As opposed to Auerbach coaching a team that almost had more HOF'rs than the All-star game.

Kerr! LOL that made me laugh.


> He didn't even create the system he's known for


That matters why?


> he badmouths his own players publicly.


Everyone has their flaws, other than writing that stupid book of his, he's usually decent. Especially when you compare him to say Larry Brown, who can't shut his mouth even if you gagged him.



> As someone else here said, comparing players of different eras is a fool's game, and we probably shouldn't be playing it


We definitely should, as the the difference in time is not that great. The major difference between the two, contact was allowed then, not now. 

As for Kobe surpassing Jordan, you have to backup a claim like that.



> Pippen??? Oh, come on! The ultimate sidekick whose very existence was only an illusion dreamed up by Michael Jordan. Heck, I'd take just about any small forward who ever suited up for a 50-win team over Pippen.

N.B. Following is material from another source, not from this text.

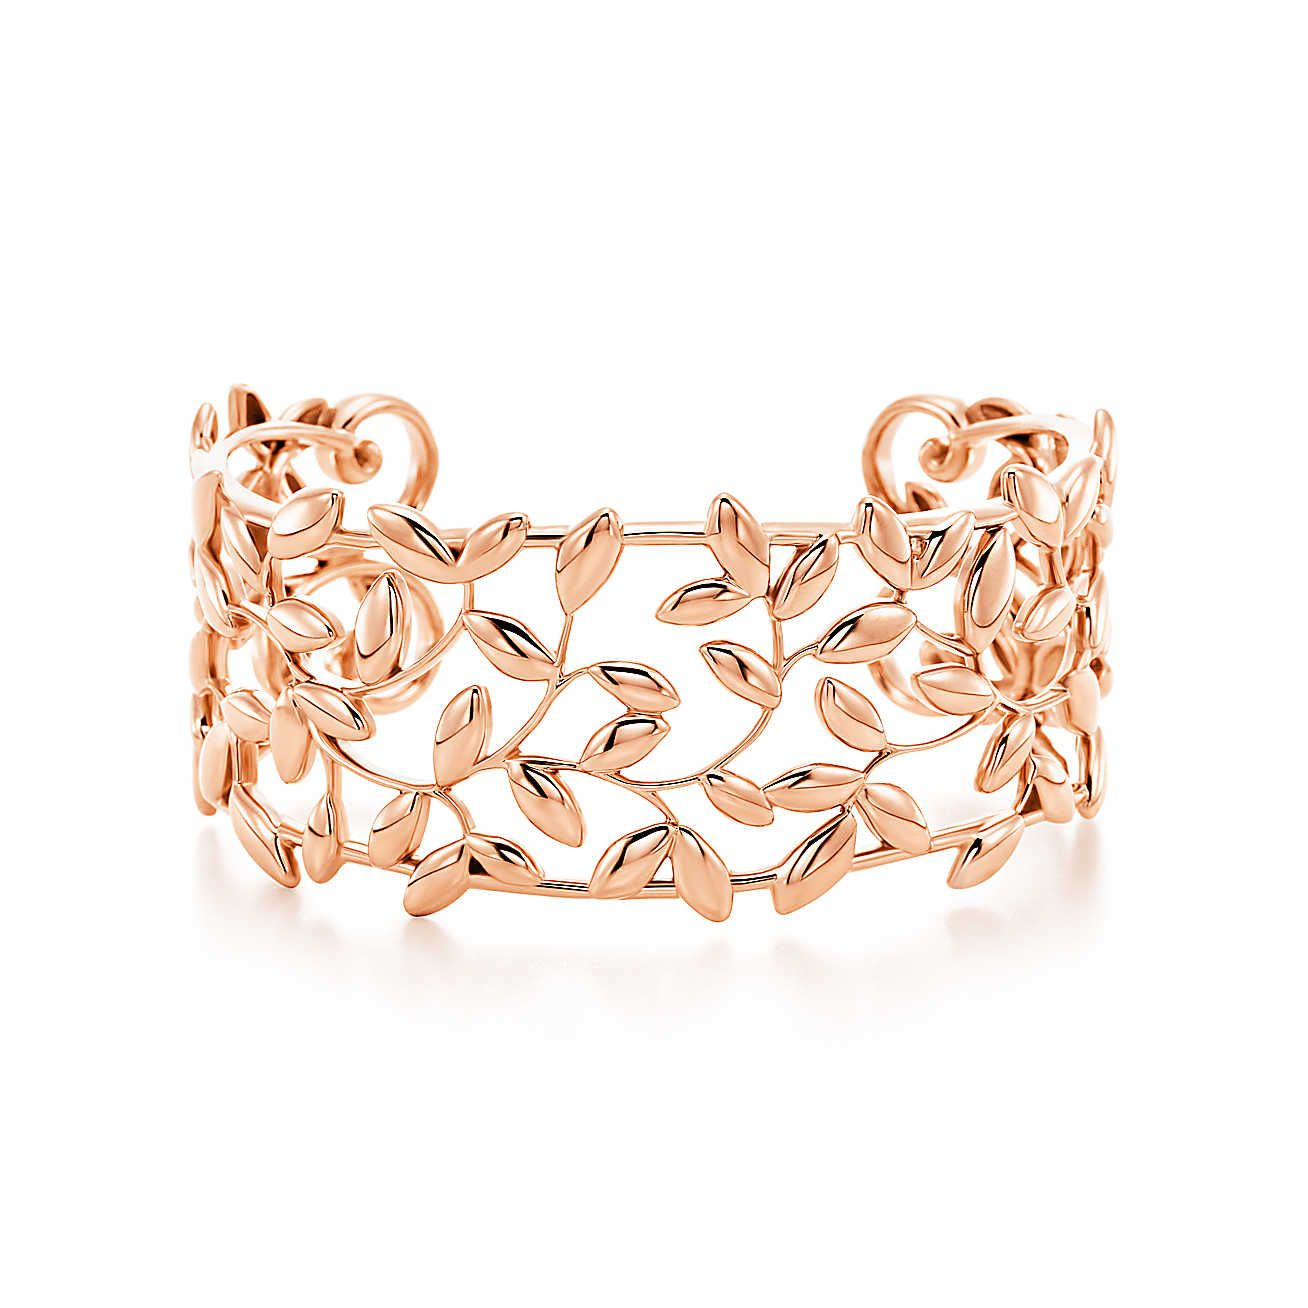 Tiffany & Co. Paloma Picasso®:Olive Leaf Cuff

Not every other small forward is named to the All-NBA defensive team 10 years in a row, with only 91 and 2000 being ones not having him on the 1st team. Sure there are better offensive threats than him, but Pippen was the complete package, he could do anything.


----------



## endora60 (Jan 5, 2006)

Jackson as coach? Ewwwwwww...icky!!! That freak has had the incredible good luck to coach guys like MJ, Rodman, Kerr, Shaq, Kobe, etc. 

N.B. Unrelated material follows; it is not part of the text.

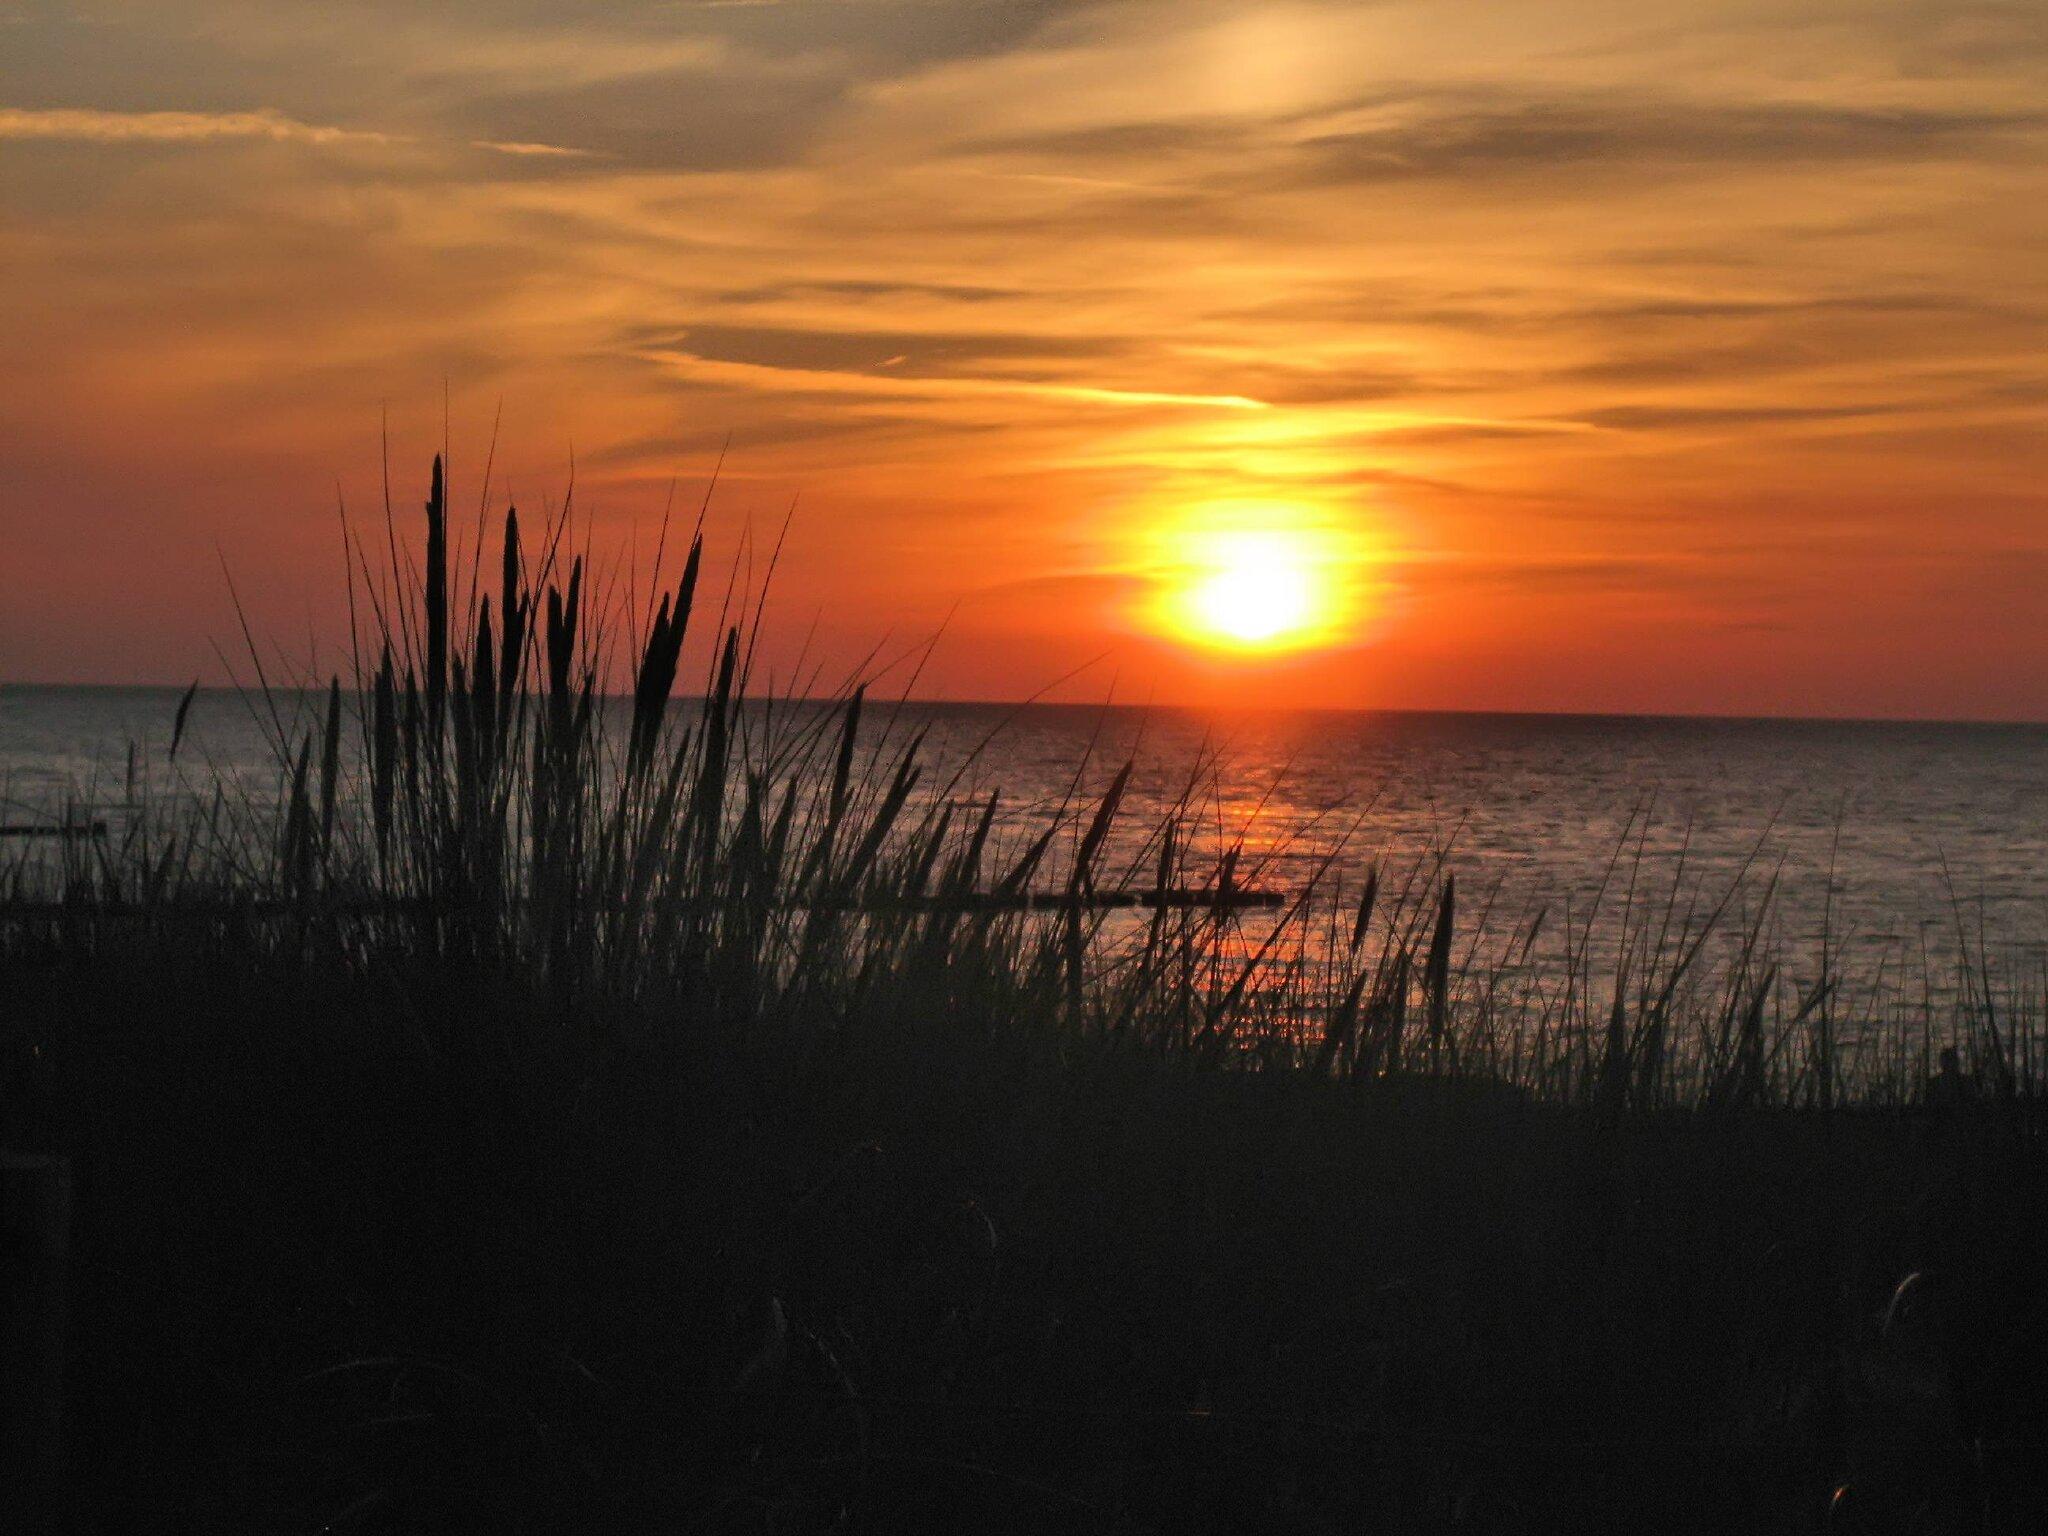 Sonnenuntergang am Zingster Strand

> As opposed to Auerbach coaching a team that almost had more HOF'rs than the All-star game.
> 
> Kerr! LOL that made me laugh.


I don't respect Auerbach for the same reason...and I'm glad you liked the mention of Steve Kerr; I thought that might give you a laugh :smile:

Quote:
He didn't even create the system he's known for 



> That matters why?


Because that Triangle is supposed to be his creation, the brilliance that harnessed the talent for those championships. If it's so, then it's Winter who's the genius.

Quote:
he badmouths his own players publicly. 



> Everyone has their flaws, other than writing that stupid book of his, he's usually decent. Especially when you compare him to say Larry Brown, who can't shut his mouth even if you gagged him.

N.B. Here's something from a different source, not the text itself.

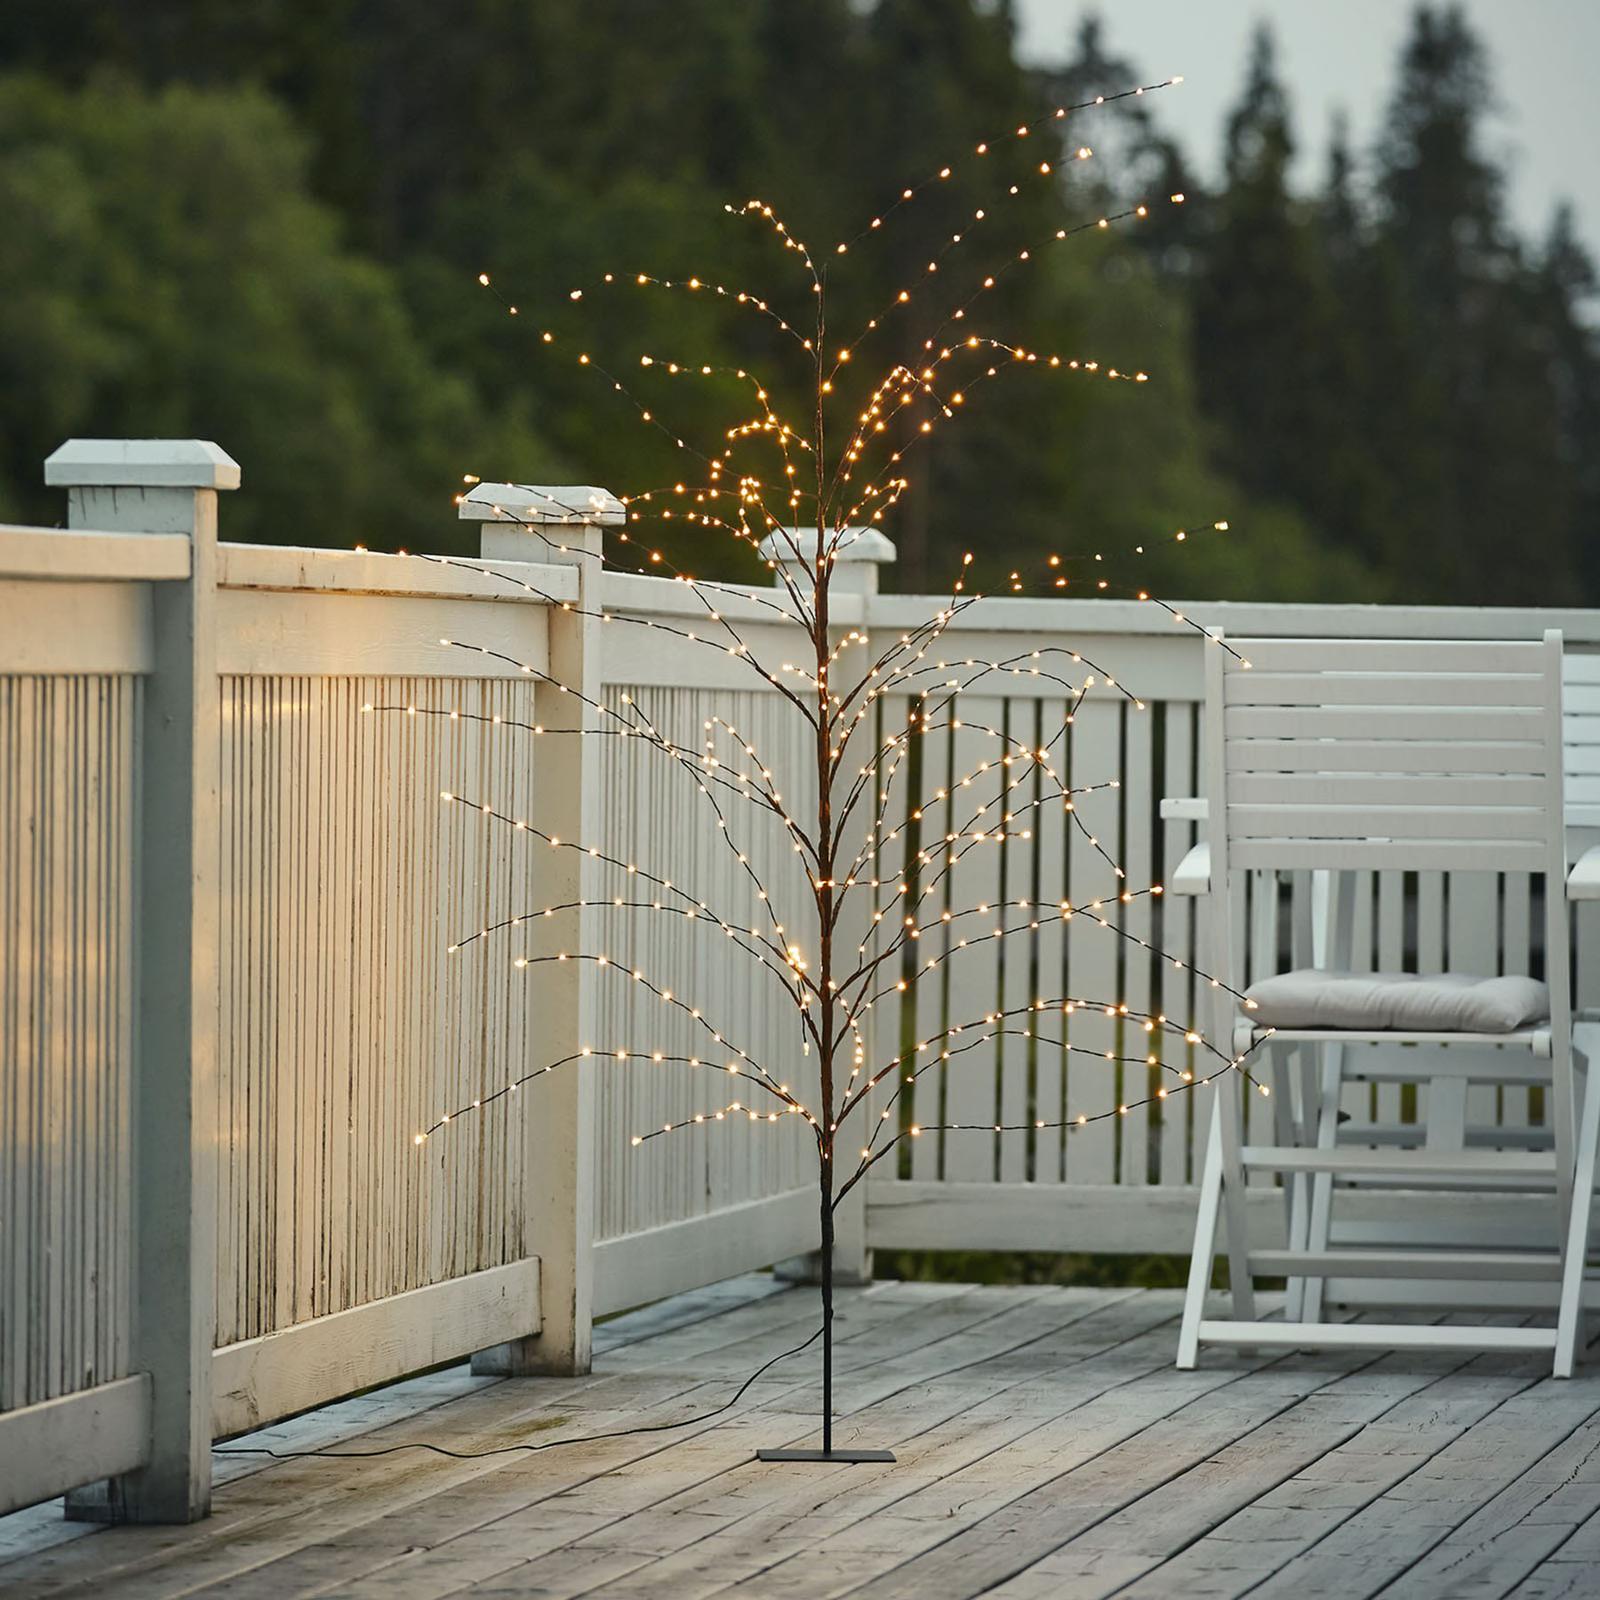 Lampada LED decorativa Reedy, alta 180 cm

Yeppers, and I'd be fine with gagging Brown all day every day during the season.

Quote:
As someone else here said, comparing players of different eras is a fool's game, and we probably shouldn't be playing it 



> We definitely should, as the the difference in time is not that great. The major difference between the two, contact was allowed then, not now.
> 
> As for Kobe surpassing Jordan, you have to backup a claim like that.


Things are sooo different now! Yeah,it's only ten-fifteen years, but my God...Could players like Steve Nash--heck, even Dirk (aka the seven-foot-tall two-guard)--have even existed in '95? It's a whole new League.

Back up the Kobe claim?

point average through the season....oh--and eighty-one points. Two shooting guards, both leading their teams--but MJ has some talent on his squad. (Yes, even Steve Kerr with his distance shooting :laugh NOT as a team leader, but only as an individual player, Kobe > MJ.

Laurie


----------



## step (Sep 19, 2005)

> point average through the season....oh--and eighty-one points. Two shooting guards, both leading their teams--but MJ has some talent on his squad. (Yes, even Steve Kerr with his distance shooting ) NOT as a team leader, but only as an individual player, Kobe > MJ.


Have you forgotten what Jordan was like when he came into the league? And how bare those teams were. 

You want to compare point averages, take at look at Jordan in 87 and 88, where he averaged 37.1 and 35ppg. Kobe's 35.4ppg isn't that special, heck Allen Iverson averaged 33ppg, does that put him on the same level?

Kobe and Jordan are great offensive players, heck Kobe could be even better on the offensive end, but the one major thing with Jordan was that he was a complete player. Not only did he score, he played defense night in and night out, something which Kobe does when he's only in the mood.

The 81 point performance was remarkable, but it also was against the Toronto Raptors. I'd rate Jordan's 63 point performance against the powerhouse Boston Celtics in the playoffs better overall.


> Could players like Steve Nash--heck, even Dirk (aka the seven-foot-tall two-guard)--have even existed in '95? It's a whole new League.


Could they pull off what they do now with the contact that was allowed then? You can't even hipcheck a player nowdays or even put both hands on them, unlike back then.


----------



## endora60 (Jan 5, 2006)

step said:


> The 81 point performance was remarkable, but it also was against the Toronto Raptors. I'd rate Jordan's 63 point performance against the powerhouse Boston Celtics in the playoffs better overall.


OK, we'll just have to agree to disagree on this one.It's a tough question, and one that drives people nuts on NBA boards.



endora60 said:


> Could players like Steve Nash--heck, even Dirk (aka the seven-foot-tall two-guard)--have even existed in '95? It's a whole new League.





step said:


> Could they pull off what they do now with the contact that was allowed then? You can't even hipcheck a player nowdays or even put both hands on them, unlike back then.


Nope, and that's my point: Steve and Dirk--just to use two examples--are spectacular players, truly great, _for their time_. Fifteen years ago Steve would've been crippled early in the season, and Dirk would be livid and out of his mind thirty games in. What was allowed then would destroy some of today's finest players, so to even compare the League and players then and now is a fool's game.

Laurie


----------



## Shady* (Jul 3, 2005)

He meant all time Bobcats team. Even though its rediculous...

BALLAHOLLIC started a thread like this in every team forum.


----------



## endora60 (Jan 5, 2006)

Shadyballa8D13 said:


> He meant all time Bobcats team. Even though its rediculous...
> 
> BALLAHOLLIC started a thread like this in every team forum.


We know what he meant, thank you kindly. We decided to discuss something else instead.

And,yes, BALLAHOLLIC began this thread everywhere. Sure, it's spammy, but it's kinda fun and it got some discussion going in the Bobcats forum, so what's the problem?

Laurie


----------